Jane’s teeth were crafty but her hands were famous. Until the girls walked she sewed all of their clothes. She knit mittens that doubled as puppets. Bent coat hangers into halos and wire-frame wings and wove yarn wigs for Halloween — how the other mothers fumed. For Ruth’s sixth birthday she constructed an angel-food castle with a chocolate drawbridge operated by widget. Boiled lollipops for stained glass. Oh my, said the other mothers when their girls told of it. The basement was feral. Plastic paneled and ceilinged in scabietic pipes — its ugliness inspired Jane. From those pipes swung unoccasioned piñatas of newsprint dredged in flour glue. The girls’ guests clubbed them. Also from the pipes was Jane’s gift-o-matic. The girls’ guests drew numbers. They tugged a corresponding string that dangled and worked a pulley that let down a gag gift — a calico frog stuffed with lentils. Jane sewed, stuffed, and rigged it.

Once a month, at Building 19, laserlike in that headache hangar, Jane pawed the priced-to-move ends of fabric bolts.

She made Italian ice with a hammer and syrup.

Any day of the week, any guest of the girls would not leave giftless.

The girls’ guests loaded up in a bewildered frenzy.

Jean and Ruth could give no explanation. They said of Jane only, She likes to do it.

Your mother can make anything out of anything — this from the other mothers, who knew Jane from the distance of the uncrossed yard. The mothers waved from the car when dropping off or collecting. When Jane spoke to them, it was by phone in the kitchen with her back to Jean. It was about when to drop off and when to collect. With stagey gestures — fending off favors or gnats.
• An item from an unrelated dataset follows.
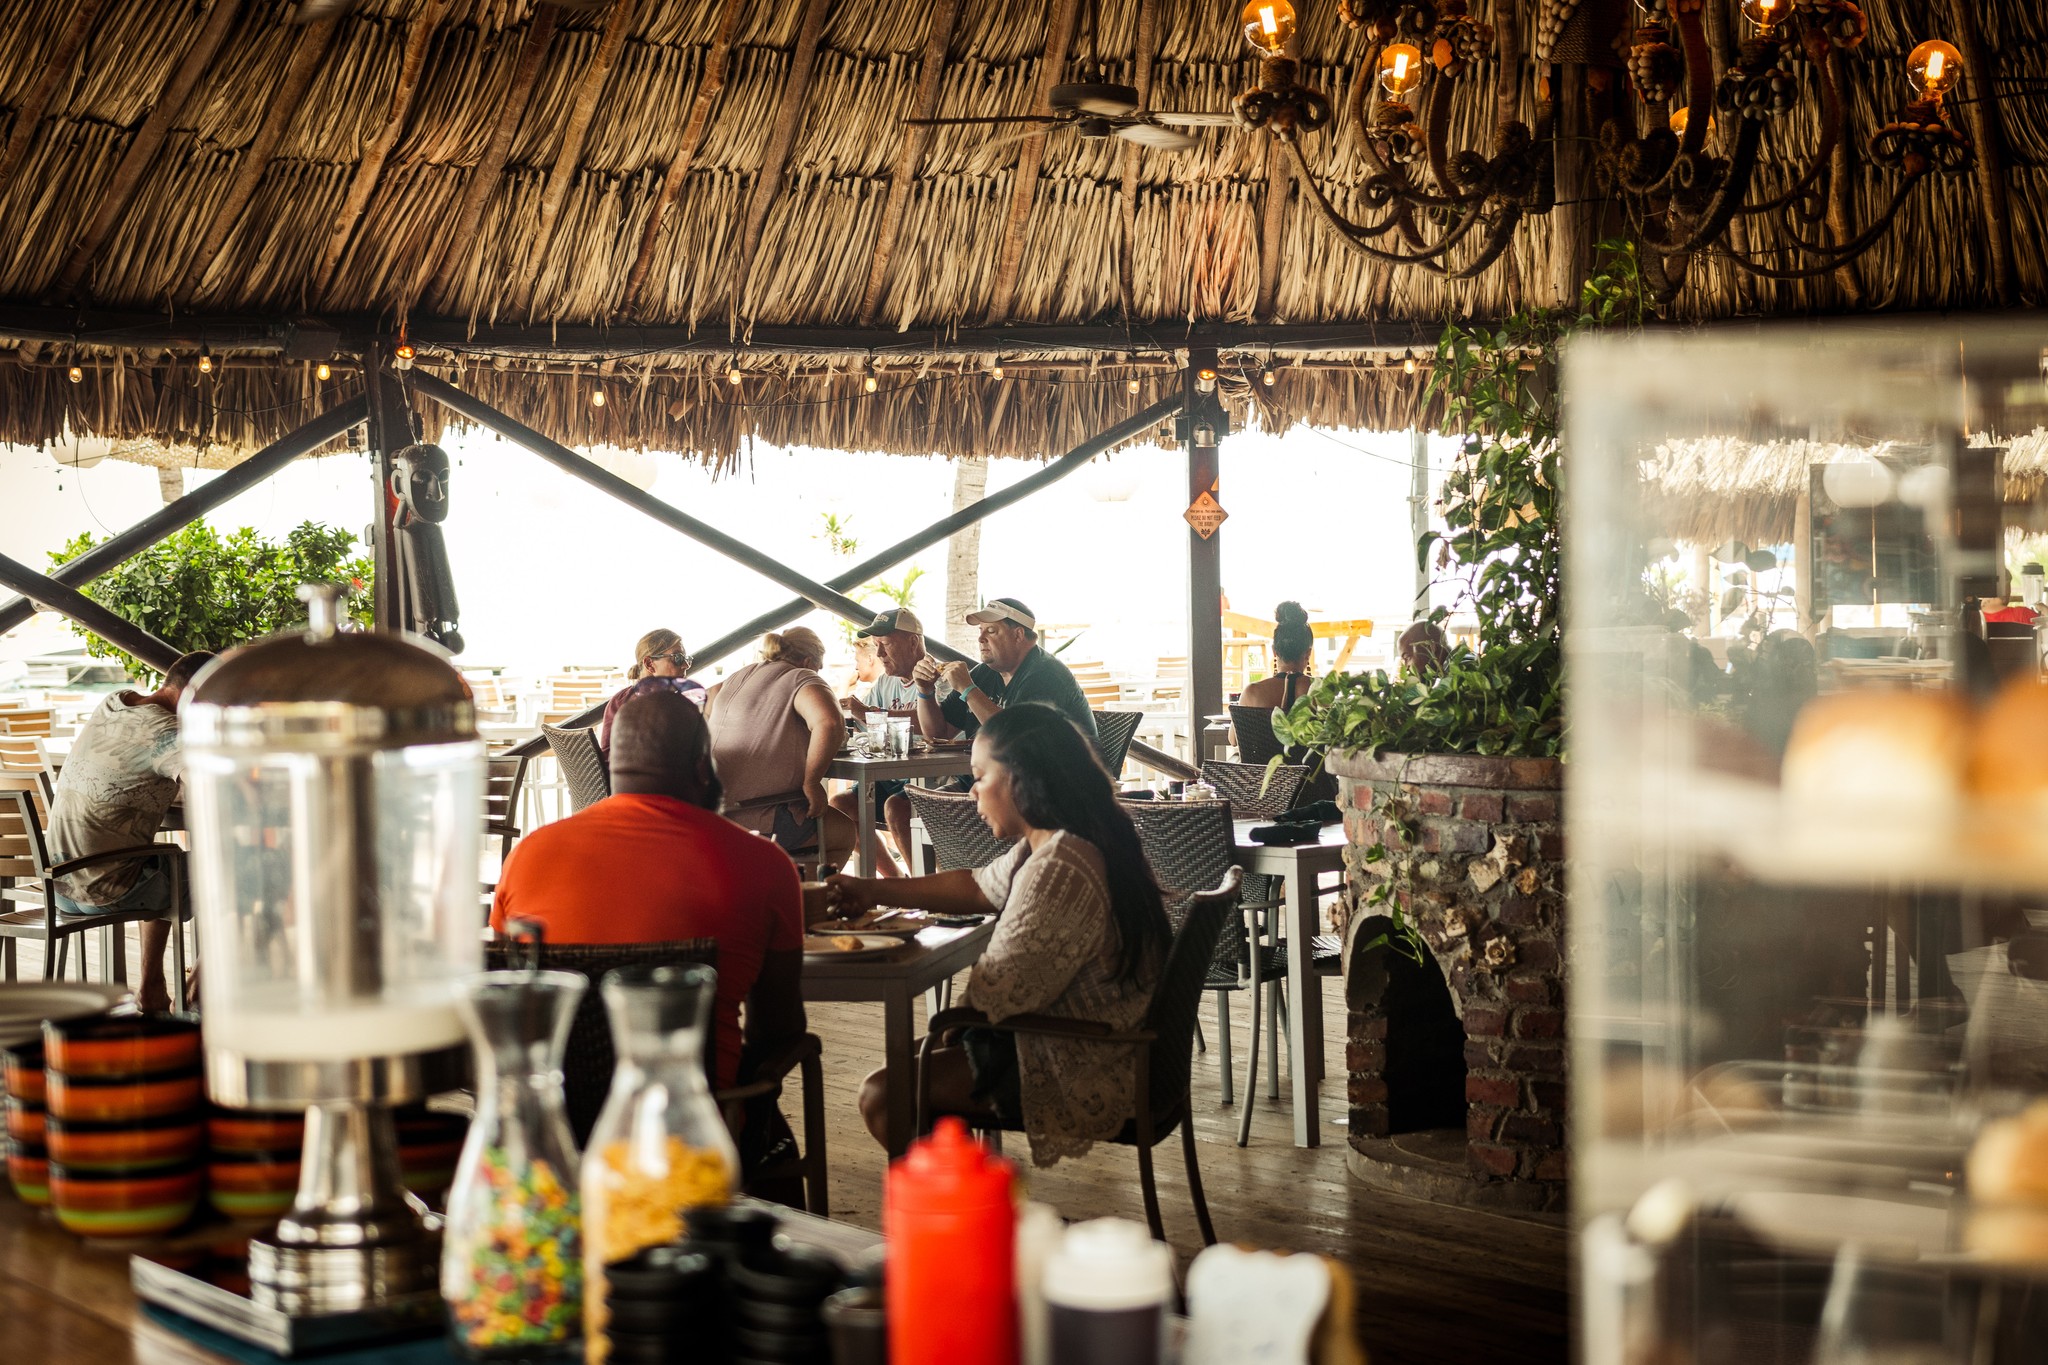 What to Know About MooMba Beach Bar & Restaurant Aruba

Jean watched these calls in the crossed-arm pose of a cop.

After, Jane would say, That woman buys six-packs of underwear when her maid goes on vacation. A medical doctor who can’t operate a washer.
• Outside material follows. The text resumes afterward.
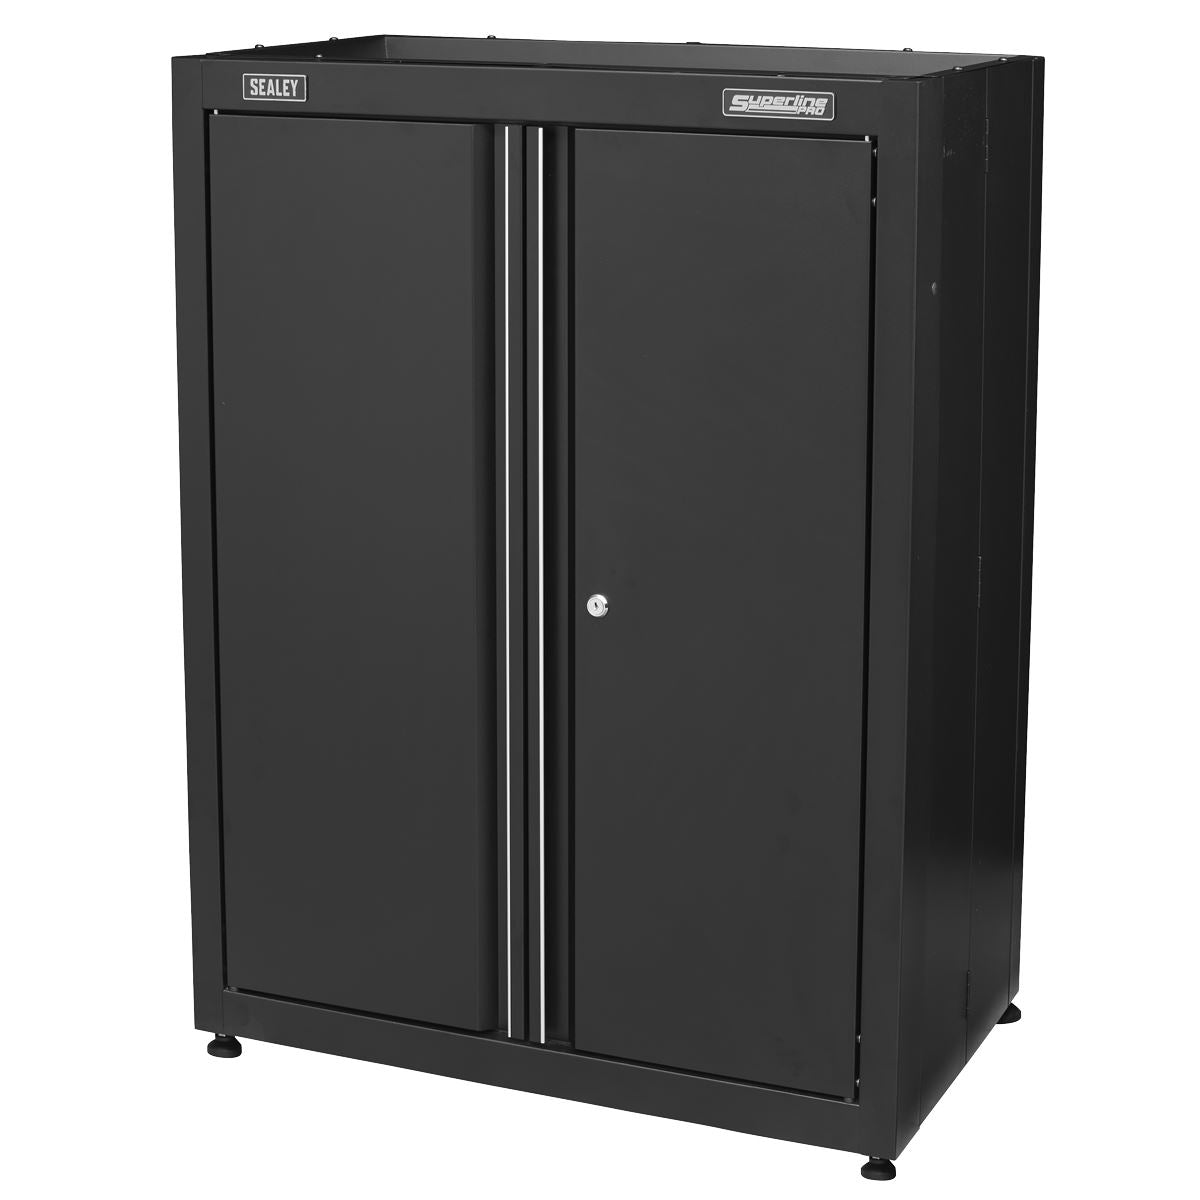 Sealey Superline Pro Rapid-Fit Dual Stacking Cabinets

Or sometimes, mad: What are you looking at?

Jean’s mother never cried.

Her sister never cried.

Her father never lied.

Jean lied sometimes and cried often, so strong-lunged and bestial that Jane could do nothing but close her in a cold shower clothed. She got Jean in fast with those fast-thinking hands — the way she crushed spiders or plucked out teeth.

For Ruth, the trouble was not crying but wiseness.

Don’t get wise with me, Jane said, and it was not water to cure it but a slap to the face. She was slapping her own was the feeling you got.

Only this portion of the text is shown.